Defendant: Kameoka, Yoshio, Civilian interpreter, Osaka Area POW Camp
No. 11, arumi, Honshu, Japan
Docket No./ Date: 41/ June 16-26, 1946, Yokohama, Japan
Charge: Violation of the Laws and Customs of War: 1. Did willfully and
unlawfully commit cruel and brutal acts, atrocities and other offenses
against certain American PWs.
Specifications:
Verdict: 25 years CHL
Reviewing Authority's Recommendations: Accused beat, slapped, kicked,
and used various forms of extreme punishment such as standing at attention
for many hours on prisoners for infractions of disciplinary rules. In
an interrogation at Sugamo Prison on 13 February 1946, accused admitted
to beating a few prisoners for stealing food but he claimed that he "did
not beat them very hard."
Reviewing Authority: 1. Accused denied beating prisoners. 2. Accused
could not have beaten prisoners as they were returning from work because
he returned home by 6 p.m. and it took an hour to return home by streetcar.
3. Accused could not remember having admitting to beating a few prisoners
for stealing food while at Sugamo prison.

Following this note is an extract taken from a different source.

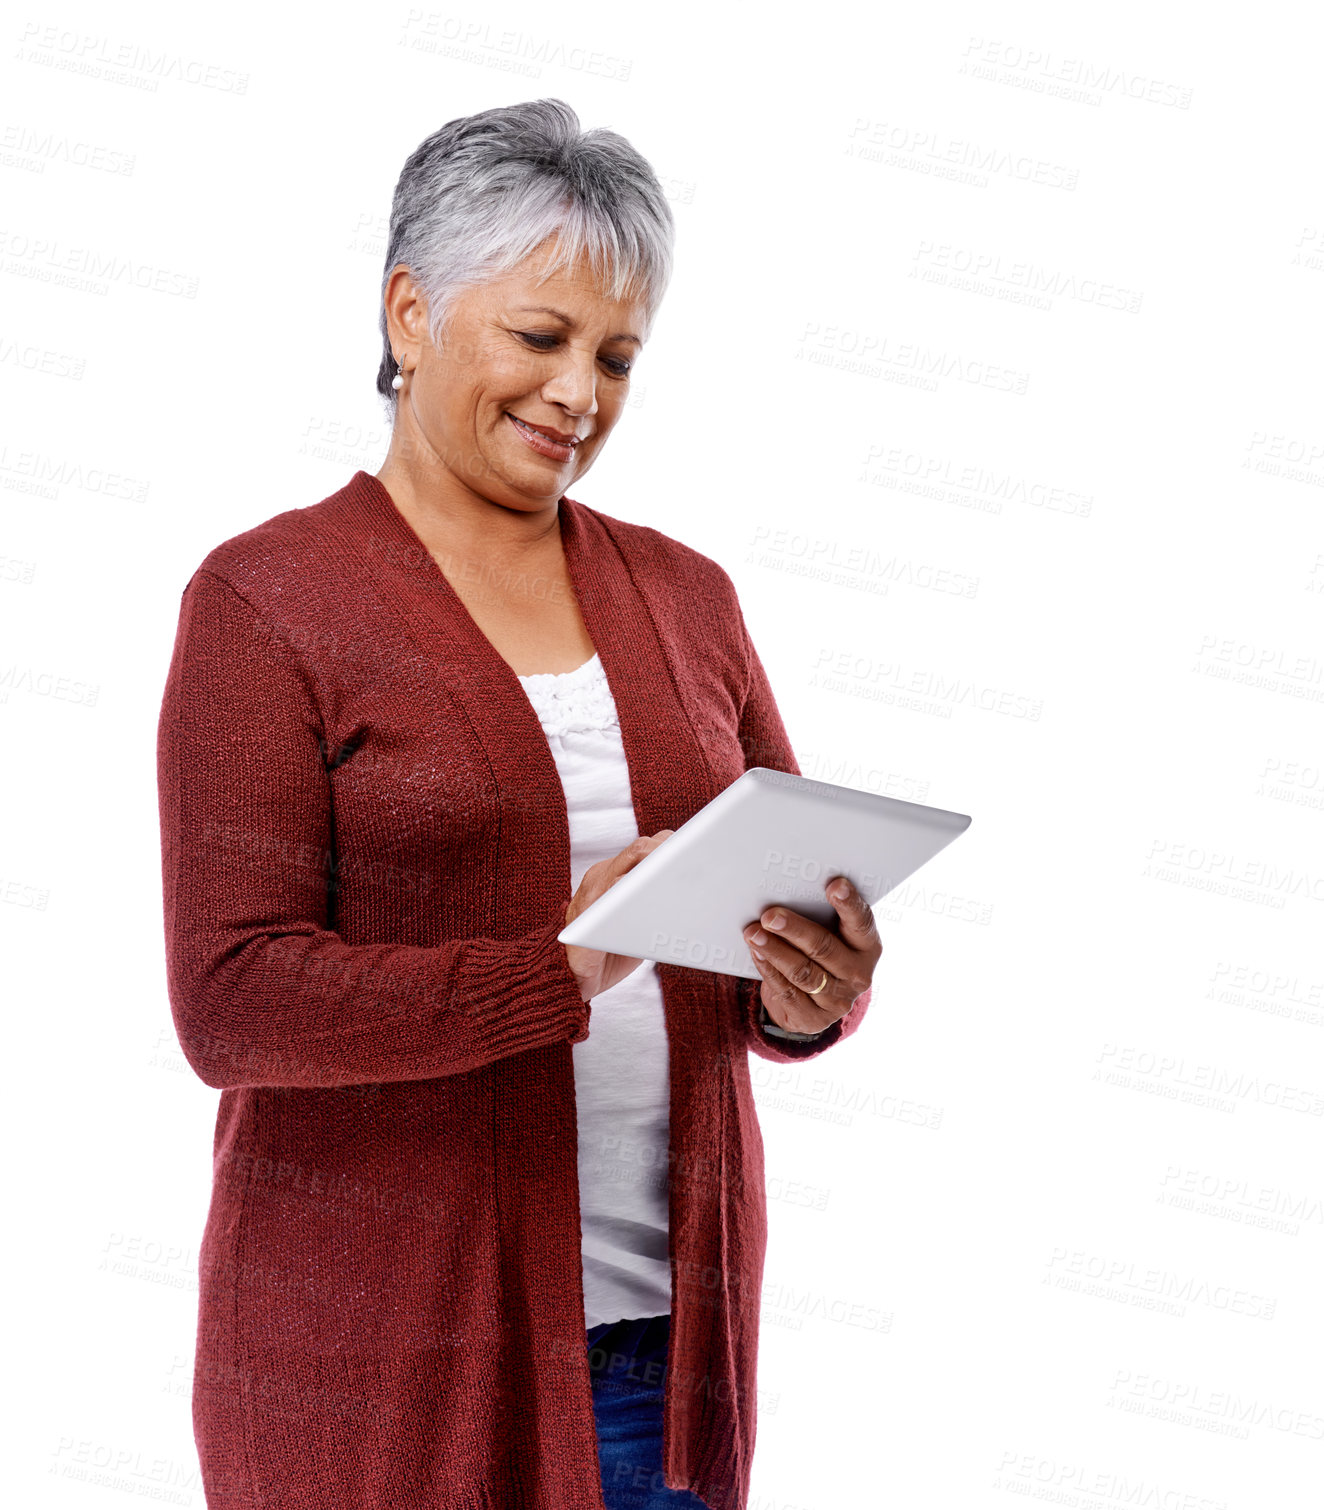 Buy stock photo Studio shot of a mature woman using a digital tablet isolated on white
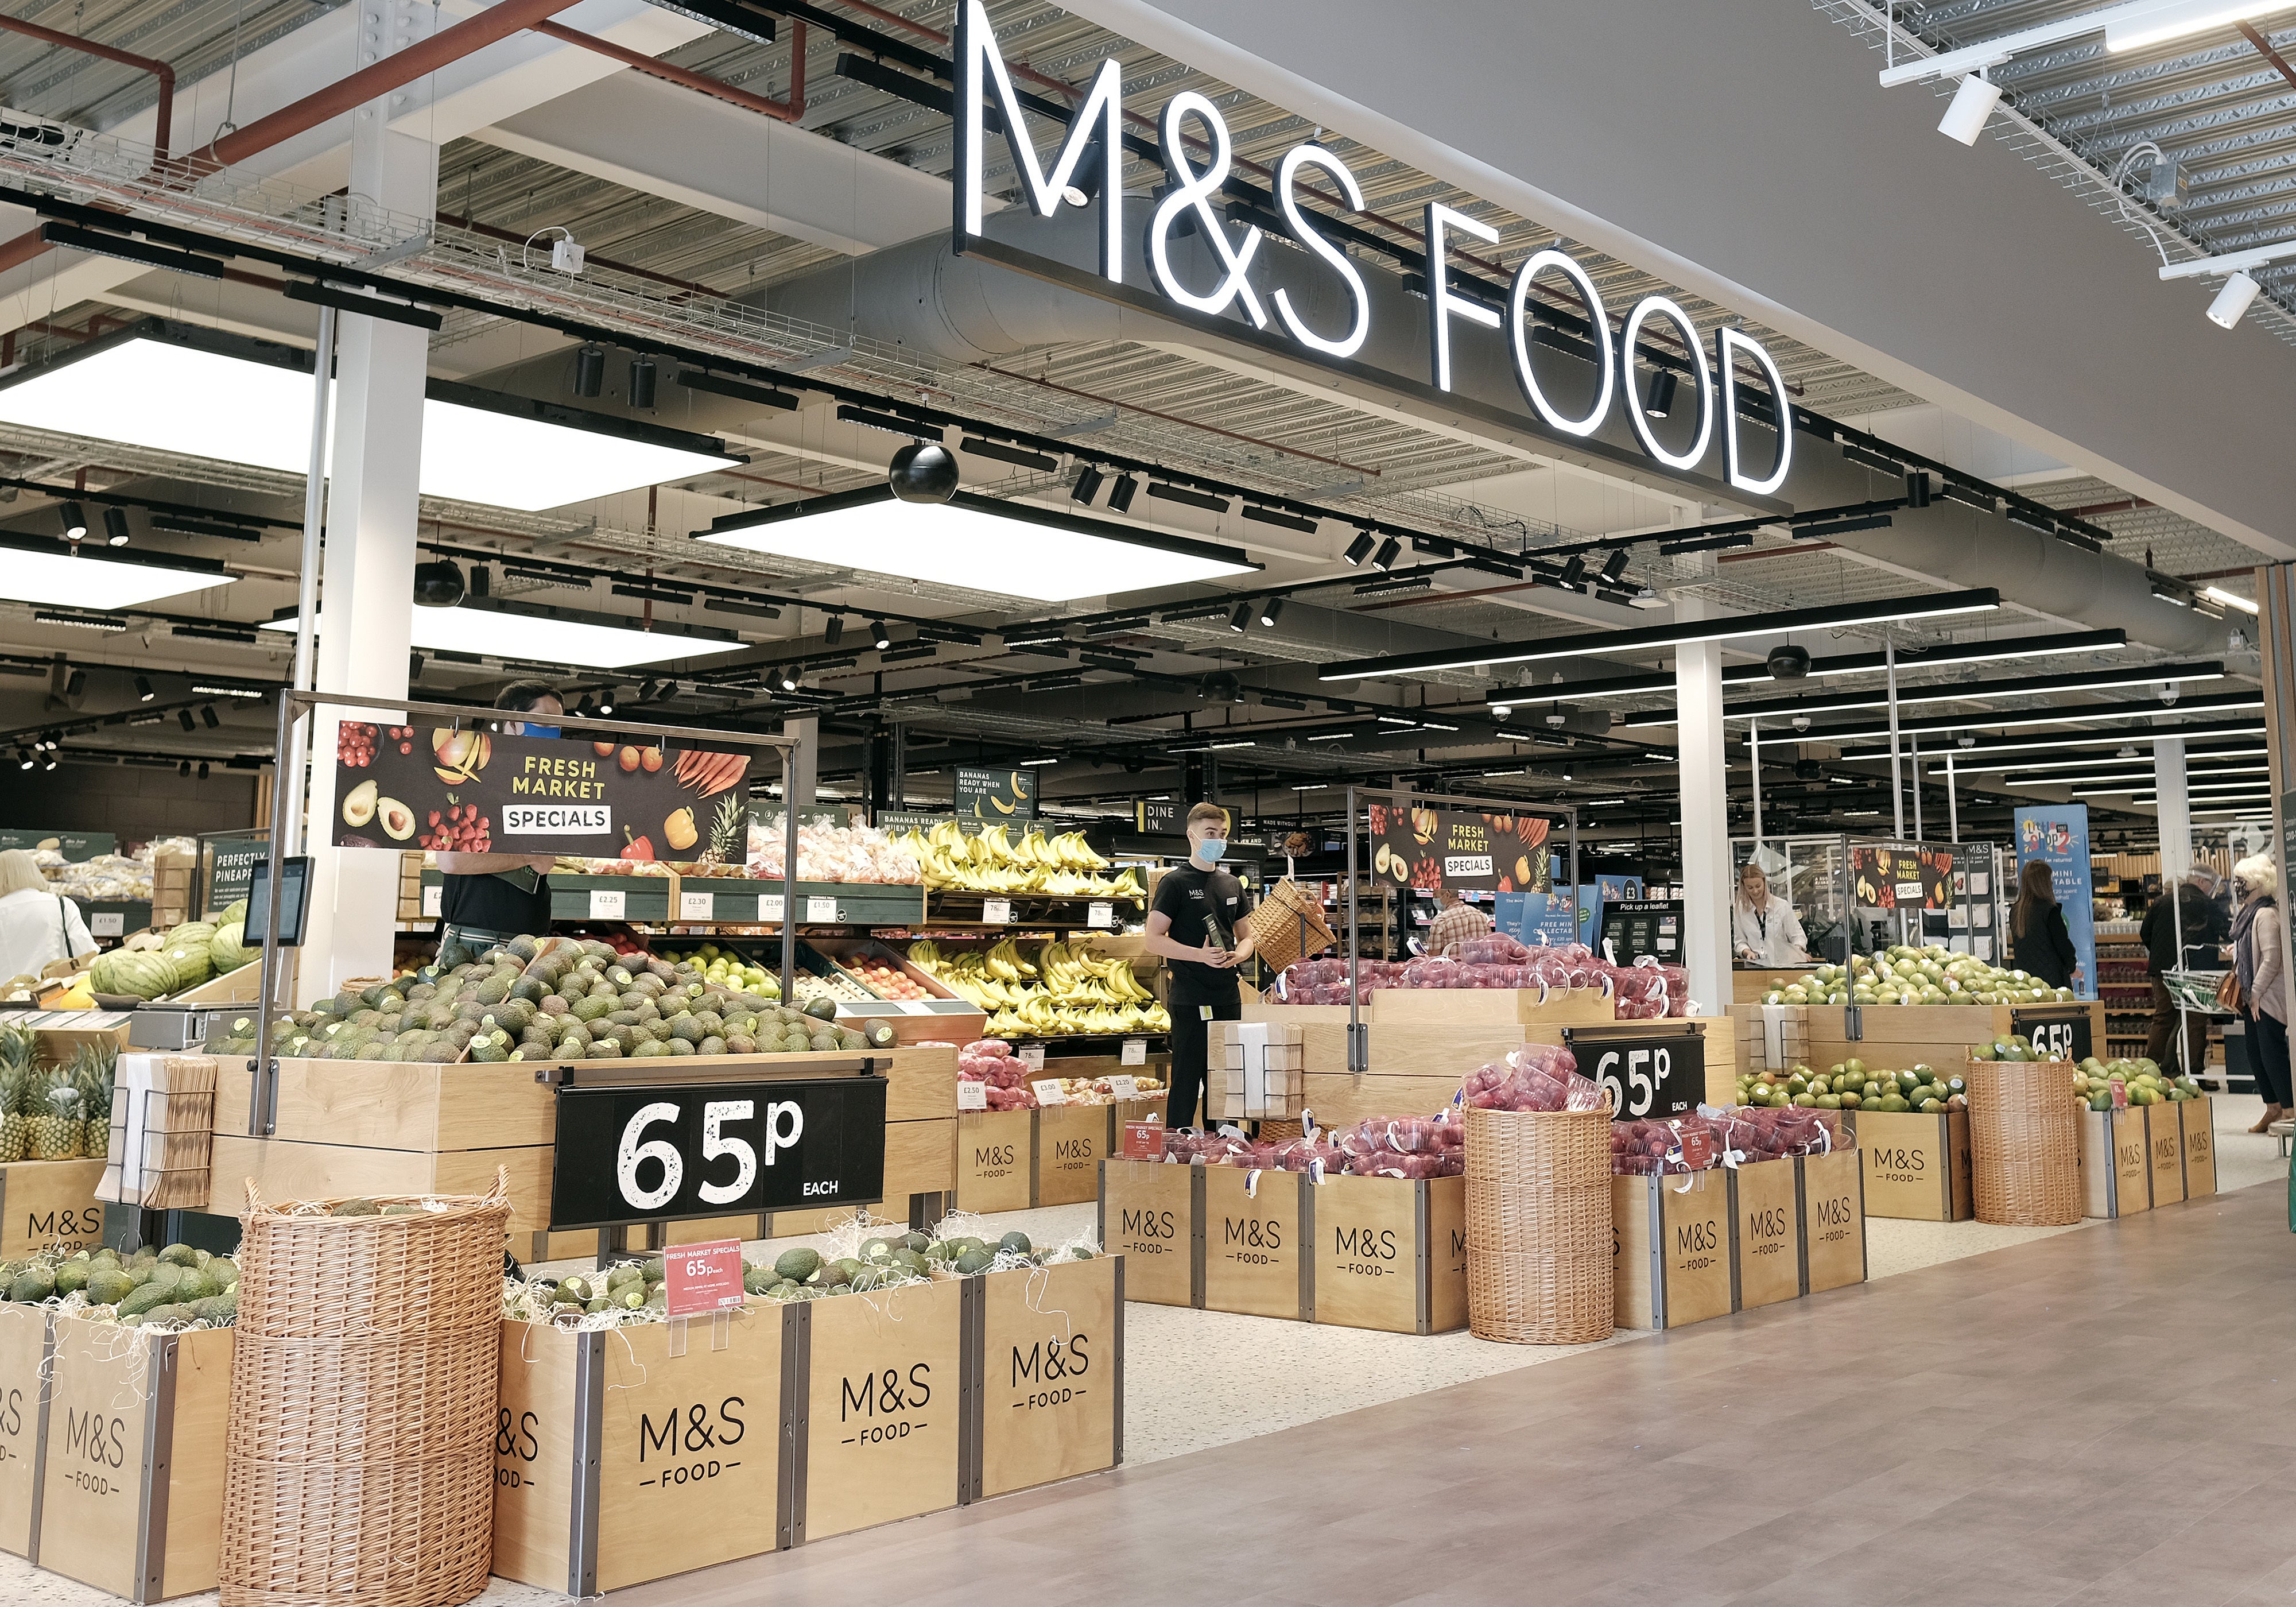 M&S Food: Steve Rowe’s bet on this business helped revive the struggling retailer

Prosecution Arguments: Record is legally sufficient to support the findings
of the commission. In regards to the highly contradictory affidavits in
specification 2, reviewer believes that "the manner in which the
specification is pleaded leaves the defense in a state of confusion and
in a position where it is impossible, under the evidence offered, to have
a fair chance to defend it properly." So, the finding of guilty is
disapproved. Not only in specification 2 but in regards to the affidavits
and the testimonies brought by the defense, the "entire charges against
the accused are not well supported." In regards to the sentence given,
the reviewer believes that the sentence to life imprisonment is unjust:
"it is not desirable to establish a rule for punishments in war crime
cases because of the difference in the type of crimes and the degree of
brutality in each case but it might be well to consider sentences in other
commission trials to show the injustice of the punishment in the present
case." Reviewer recommends 10 years confinement because "many
specifications of horrible atrocities...are conspicuously absent in the
present case" unlike the other cases where individuals have received
life sentences.
Defense Arguments: Paul E. Spurlock, Reviewer, Judge Advocate Section
Judge Advocate's Recommendations: Lt. Col. Browne's opinion in regards
to the reviewer's opinions(page 431):"Defense affidavits concerning
the Waggoner event did not name accused as participating but neither did
they purport to mention all involved. None excluded accused from the beatings...Minor
inconsistencies appear in affidavits in evidence with respect to each
specification. None appears of sufficient importance to destroy or weaken
the probative value of the subject matter. Experienced jurists regard
unimportant differences in testimony ordinarily as of no moment and often
as the earmark of evidence which has not been prearranged." In regards
to Spurlock's claim that the gravity of beatings was not there, he writes,
"yet the evidence to the beating alone revealed an aggravated offense
much worse than the ordinary type encountered in WAr Crimes Trials. The
accused, possessed a sadistic nature to which he gave full vent"
is shown by exhibits. The "excuse that he was trained in the brutal
atmosphere of the Japanese imperialists is not available to him for he
has lived under the American flag and knows democratic ways."